New rules under the Petroleum Industry Act compel operators to develop oil blocks or surrender them, as regulators push to unlock dormant assets and boost exploration…..
The Nigerian Upstream Petroleum Regulatory Commission has declared an end to the long-standing practice of oil companies holding exploration licences for years without developing them, saying new provisions under the Petroleum Industry Act now compel operators to either develop their fields or relinquish them.
The Commission Chief Executive, Oritsemeyiwa Eyesan, disclosed this while receiving a delegation from the Petroleum Directorate of Sierra Leone at the commission’s headquarters in Abuja.
According to Eyesan, the introduction of the “drill or drop” rule under Section 94 of the Petroleum Industry Act has fundamentally changed how exploration licences are managed in Nigeria, ending a decades-old trend where companies retained oil blocks without undertaking meaningful exploration work.
She explained that under the new framework, operators must begin exploration and development activities within a specified period or surrender the licence back to the government.
“One of the strengths of the PIA is the ‘drill or drop’ provision, which compels operators to either commence work or relinquish the licence,” Eyesan said. “In the past, some operators held licences for as long as 20 years without developing the assets. That era is now over.”
The reform, she noted, has helped return previously dormant assets to the government’s portfolio, creating fresh opportunities for investors interested in Nigeria’s upstream petroleum sector.
Eyesan also expressed satisfaction with the level of participation recorded in the country’s 2025 oil licensing round, describing the number of applicants so far as encouraging despite stricter bidding requirements introduced by the regulator.
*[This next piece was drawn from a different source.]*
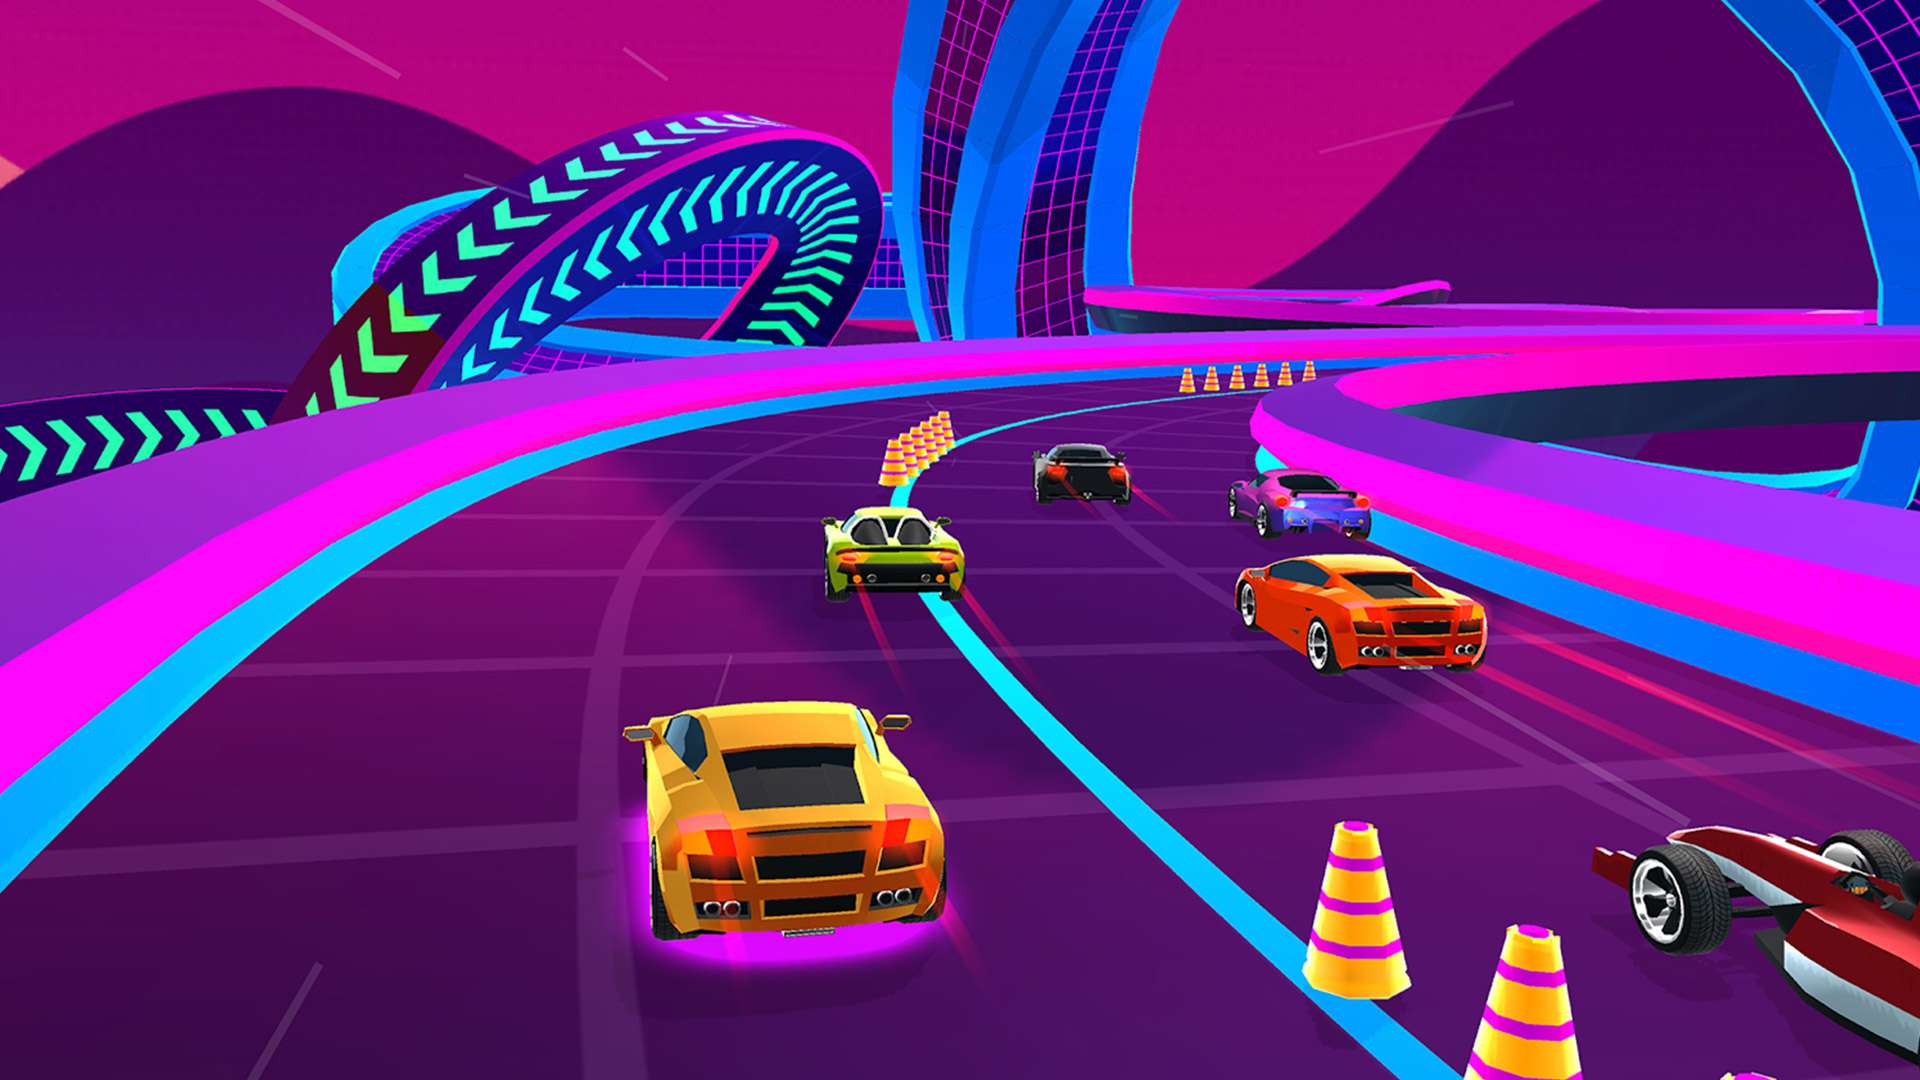 Car Race 3D - Racing Master - Apps on Google Play

The ongoing licensing exercise offers 50 oil and gas blocks located across several sedimentary basins, including the Niger Delta, Anambra Basin, Bida Basin, Benue Trough, and the Chad Basin.
According to Eyesan, the strong investor response has been recorded despite a rule restricting companies to bidding for a maximum of two blocks, whether individually or as part of a consortium.
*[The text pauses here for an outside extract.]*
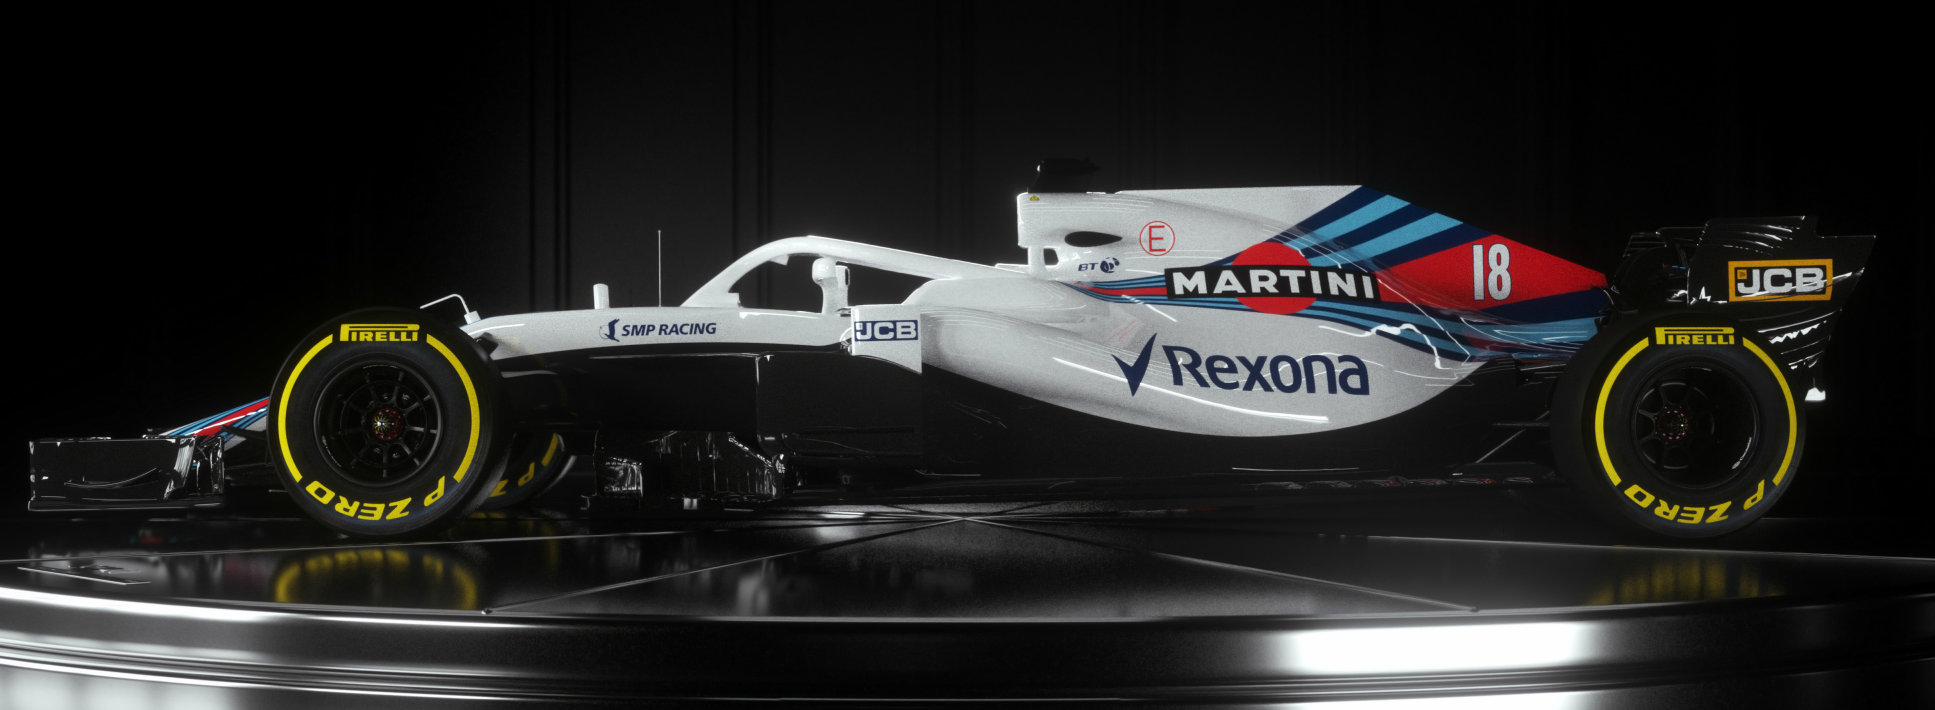 Williams Martini Racing presentó a su “retador“ auto de Formula 1 2018

“For the 2025 licensing round, we have 50 oil blocks on offer. The outcome of the pre-qualification submissions shows there is a strong appetite among investors for the bid round,” she said.
She explained that the limit on the number of blocks was deliberately introduced to prevent companies from hoarding assets and to ensure broader participation by investors genuinely prepared to develop the fields.
To further strengthen transparency in the bidding process, Eyesan said the commission partnered with an independent audit firm to review and validate the digital system used for the licensing round.
According to her, the audit is intended to assure investors that the bidding platform is secure and transparent, with the results expected to be made public.
Beyond improving transparency, the regulator believes the reforms introduced by the Petroleum Industry Act have helped restore confidence in Nigeria’s oil and gas sector, which has faced years of declining exploration activity.
Nigeria holds some of the largest hydrocarbon reserves in Africa, but upstream investment slowed in recent years due to regulatory uncertainty, security concerns and the growing global push toward cleaner energy.
However, the passage of the Petroleum Industry Act in 2021 introduced new fiscal terms and regulatory structures designed to attract fresh investment and improve accountability across the sector.
Meanwhile, Foday Mansaray, Director-General of the Petroleum Directorate of Sierra Leone, said his country was keen to learn from Nigeria’s regulatory experience as it develops its own hydrocarbon industry.
Mansaray explained that the visit by the Sierra Leonean delegation was aimed at strengthening bilateral cooperation and gaining insights into Nigeria’s petroleum governance framework.
“We are here to collaborate with the NUPRC and learn from Nigeria, our big brothers in the industry,” he said, noting that his country hopes to build stronger regulatory capacity as it expands its petroleum sector.
He also proposed deeper energy cooperation between both countries, including the possibility of signing a Memorandum of Understanding to formalise collaboration in regulatory development and capacity building.
Nigeria’s 2025 oil licensing round was formally launched in December 2025 following approval by Bola Ahmed Tinubu, as part of broader efforts to attract new investment into the upstream sector.
The bidding process has already completed the pre-qualification stage, with submissions closing on February 27, 2026. Qualified companies are expected to proceed to the technical and commercial bidding phases before final awards are announced.
The entire process is expected to run for about eight months, concluding in July 2026 with the commercial bid conference and final approvals.
Industry analysts say the success of the licensing round could play a key role in boosting exploration activity, expanding Nigeria’s proven reserves and supporting long-term crude oil production growth.